November 19, 2016


It is wonderful to welcome back one of our long time contributors, now turned guest blogger - Bryan Norford - who is weighing in on this months topic. Enjoy his sage advice.

I’ve been reading with both favour and concern the blogs this month on the “dry times.” With favour, because most recognize those times are part of life. Solomon wrote, “There is a time for everything,” Eccl. 3:1. That prompted the following from my devotional in our book, Happy Together.

There’s nothing like a day of accomplishment when everything goes according to plan and is complete. But we also have frustrating days of redo, repair, or failure, achieving nothing of significance.

Upon reflection, we realize that there must be times for preparation, planning, and evaluation; times for correcting previous work or adapting to changing circumstances; even times for rethinking and renewing the way we live.

In the big picture both the time of advance and apparent retreat are all part of the same process. To advance tomorrow as we did yesterday, we may need to retrench today. Today’s reading gives some rationale to this process. In it we recognize a bigger picture than we can see, even when questions are unanswered: “the burden God has laid on men.”

This is particularly true of the setbacks of life, which baffle us. At those times, Ecclesiastes exhorts us to find satisfaction in the daily routine, recognizing that every day has meaning in God’s bigger picture beyond our grasp.
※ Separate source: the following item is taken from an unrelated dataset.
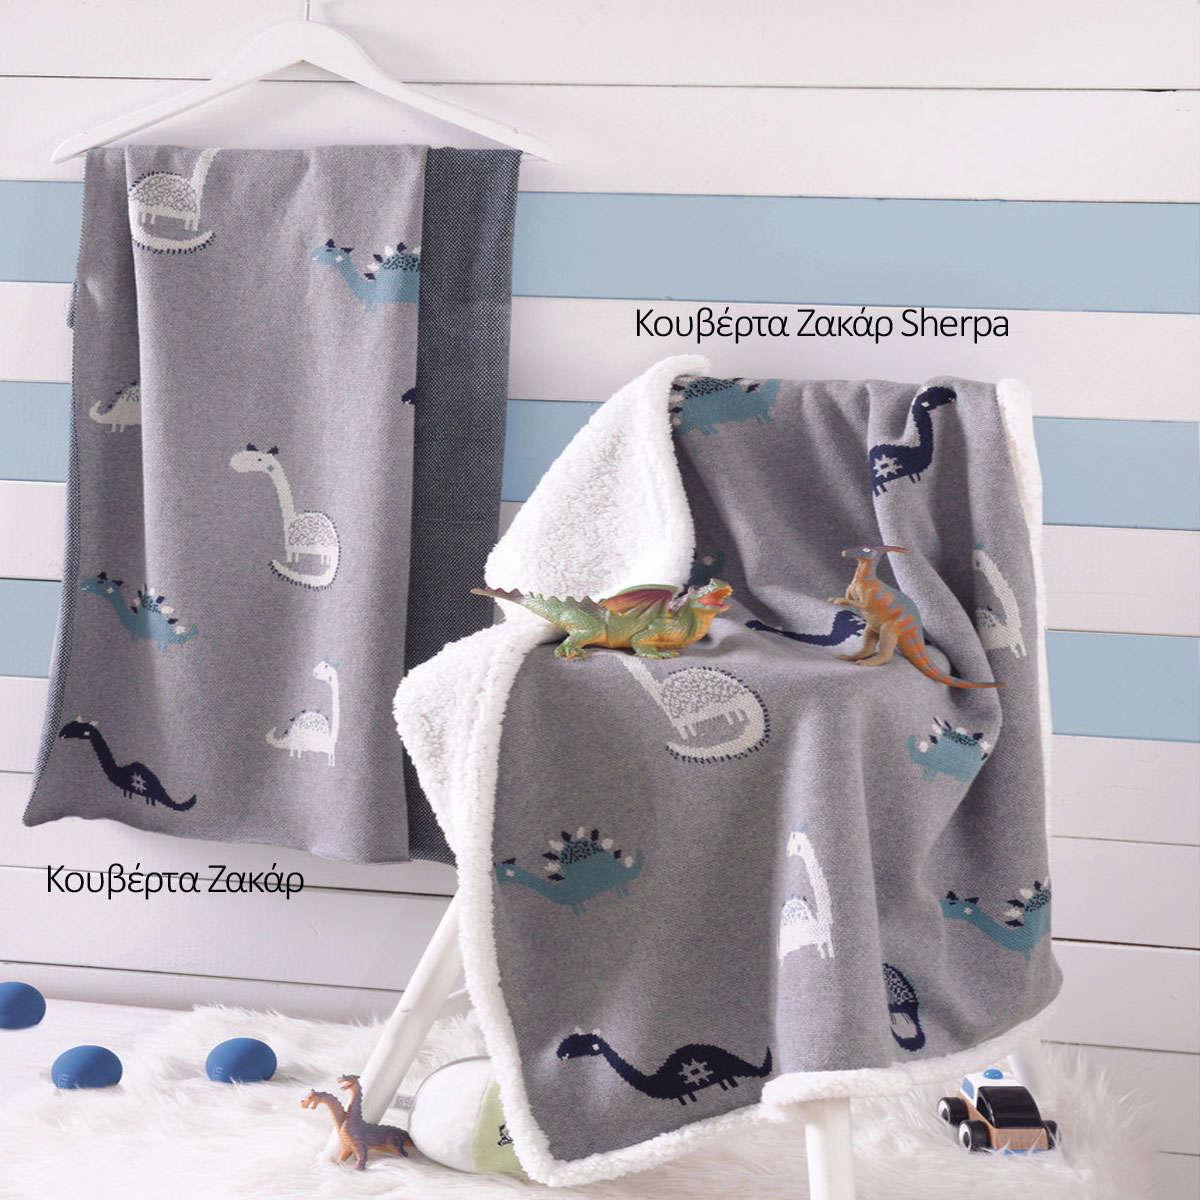 Κουβέρτα Βρεφική Ζακάρ Με Sherpa Dino Ρυθμός Αγκαλιάς 80x100cm

But I also read others with concern, typified by Shirley Tye’s honest blog, of the frustration so many experience during those times. My experience has been so different. Let me suggest some reasons why.

I didn’t start serious writing until I was in my mid sixties, and then I only wrote those things I felt passionate about. Unfortunately the older I get, the more I feel passionate about, and my continuing problem is how to fit in all I am constrained to write.

Consequently, apart from the initial  panic staring at a blank page we all have at times, I have never had a dry period to contest. Of course, I have the advantage of being retired, and I don’t need to write to make money. Nor does erratic response—even no response!—dictate what I write.

My primary motivation in writing is the legacy I feel compelled to leave. First, of course, to my family—children, grandchildren, great grandchildren—but also to the wider community after my departure.

Now, at eighty, with prostate cancer creeping into my bones, I still have so much on my heart to write, and I’m not sure I’ll have time to complete it! Check my website to see some of my work over the last fifteen years or so:

So let me finish with some good advice from Strunk and White’s, The Elements of Style, that always lurks in the back of my mind.

It is now necessary to warn you that your concern for the reader must be pure: you must sympathize with the reader’s plight (most readers are in trouble about half the time) but never seek to know the reader’s wants. Your whole duty as a writer is to please and satisfy yourself, and the true writer always plays to an audience of one. Start sniffing the air, or glancing at the Trend Machine, and you are as good as dead, although you may make a nice living. (p. 84)


  1. It was wonderful to hear your 'voice' once again on the blog. You write so eloquently and always have something of substance to say. You are missed!

  2. The word eloquence, or eloquently, also came to my mind, Tracy, and then I notice you used it. But that's just fine, because some words, thoughts and opinions bear repeating. I'll be back to read this again, Brian, because I may need this encouragement as soon as tomorrow. :-) Thanks.

  3. Thank you for this. Being true to yourself is a hard thing if you want to make money but for me, that's the only way the passion stays alive.
    Take care and you will be in my prayers with your health concerns.